About two-thirds of respondents agreed that the First Amendment required a separation of church and state, even though that phrase is not found in the Bill of Rights, or anywhere in the entire U.S. Constitution.

Seventy-six percent support a National Day of Prayer, which was especially popular among Protestants and Catholics; 53 percent said the Constitution establishes a Christian nation, and 60 percent of Protestants said a candidate’s affiliation was important, as compared to 44 percent of Catholics.

“Clearly most Americans want to keep government out of religion, said Ken Paulson, president of the First Amendment Center, “but they don’t see an expression of faith by a student at a public school event as a violation of the separation of church and state. Public school students actually enjoy quite a bit of religious freedom on school grounds, but high-profile battles over commencement ceremonies and other school wide events have left the opposite impression.”

The survey revealed that 61 percent of respondents said the freedom to worship “applies to all religious groups regardless of how extreme their views are,” while 28 percent said that freedom never was intended to apply to groups “most people would consider fringe or extreme.”
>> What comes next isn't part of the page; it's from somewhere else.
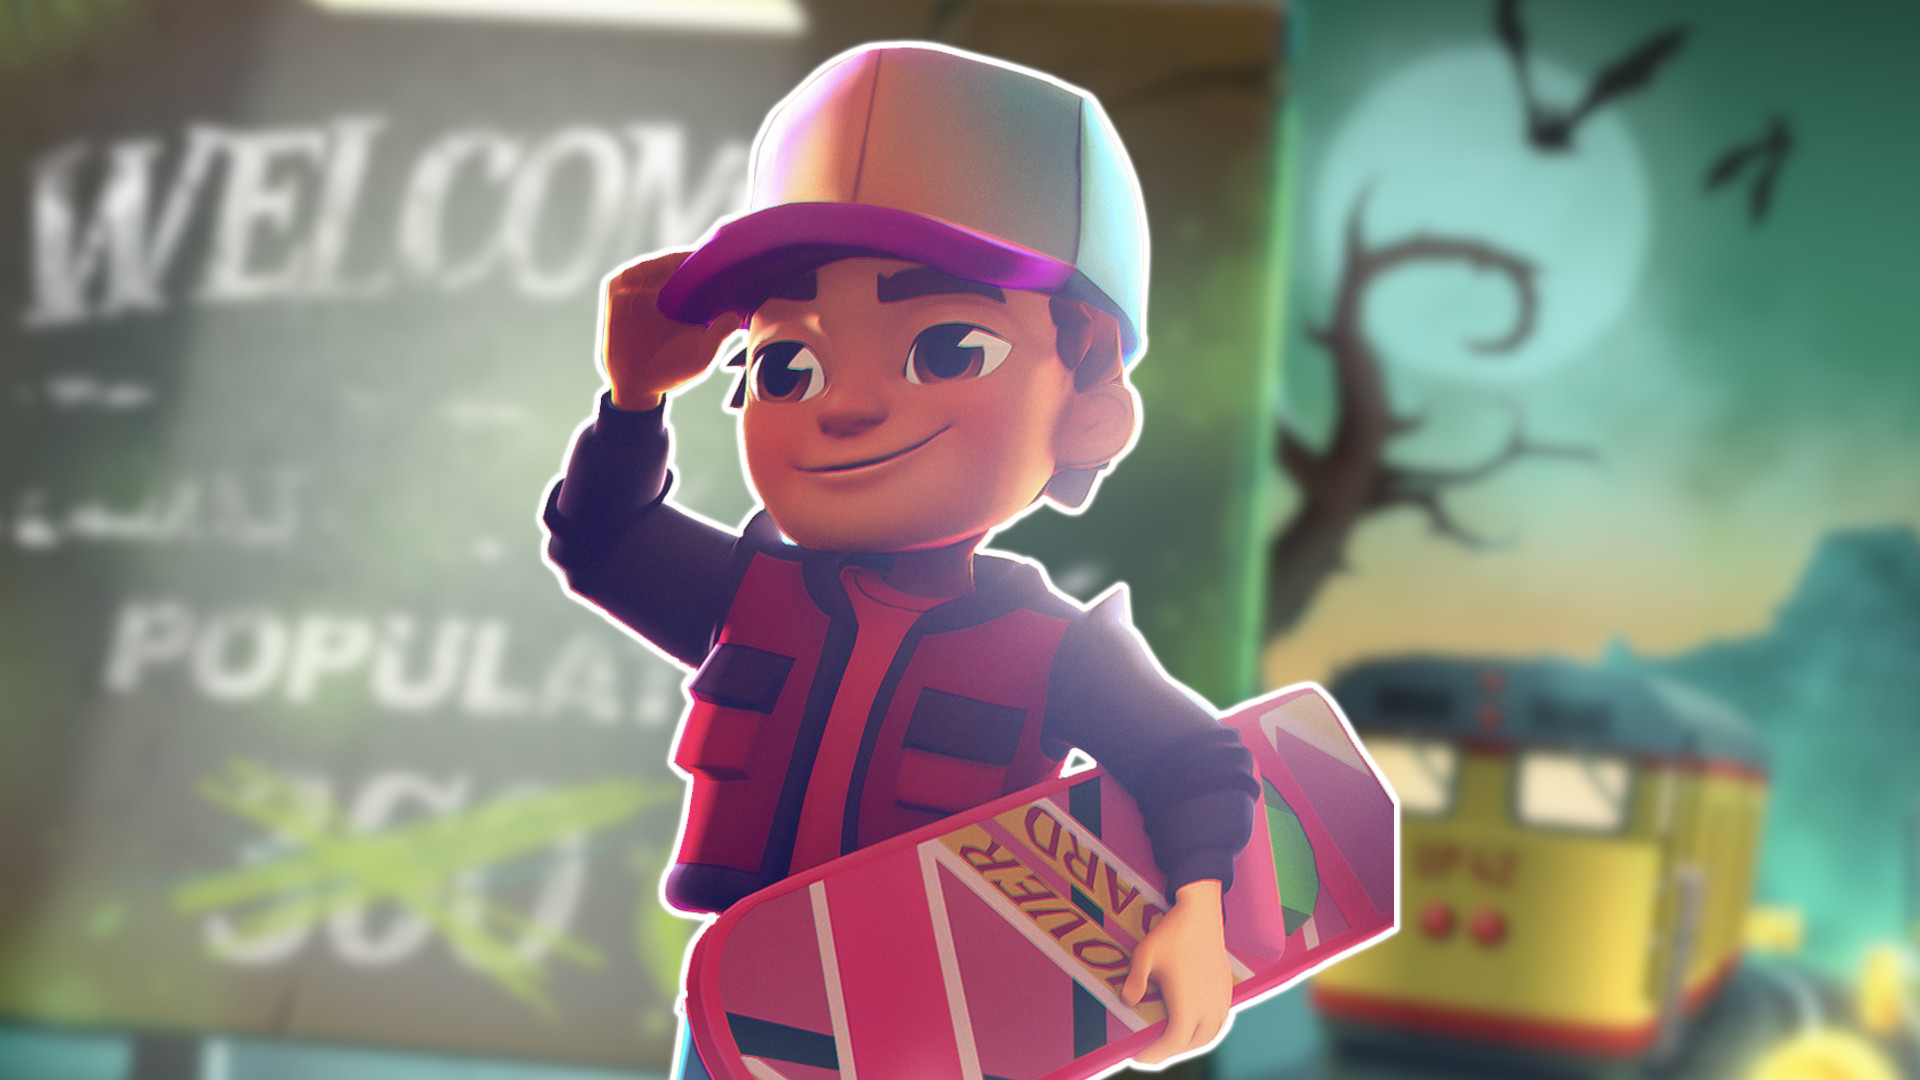 Subway Surfers - Subway Surfers updated their cover photo.

“Americans clearly defend individual expression of religious views,” said Gene Policinski, vice president of the First Amendment Center, “but fewer are willing to extend the First Amendment’s protection to faiths that they see as far removed from their own. I’m troubled that nearly three in 10 people in a nation founded in part by ancestors who fled countries where their faiths at the time were viewed as ‘fringe or extreme’ are not willing to defend religious liberty for other faiths in similar circumstances today.”

The nationwide telephone survey of (only) 1,003 adults by the national polling firm, The Pert Group, ran from July 28 to Aug. 6.

The First Amendment Center supports the First Amendment and builds understanding of its core freedoms through education, information and entertainment; the Center serves as a forum for the study and exploration of free-expression issues, including freedom of speech, of the press and of religion, and the rights to assemble and to petition the government.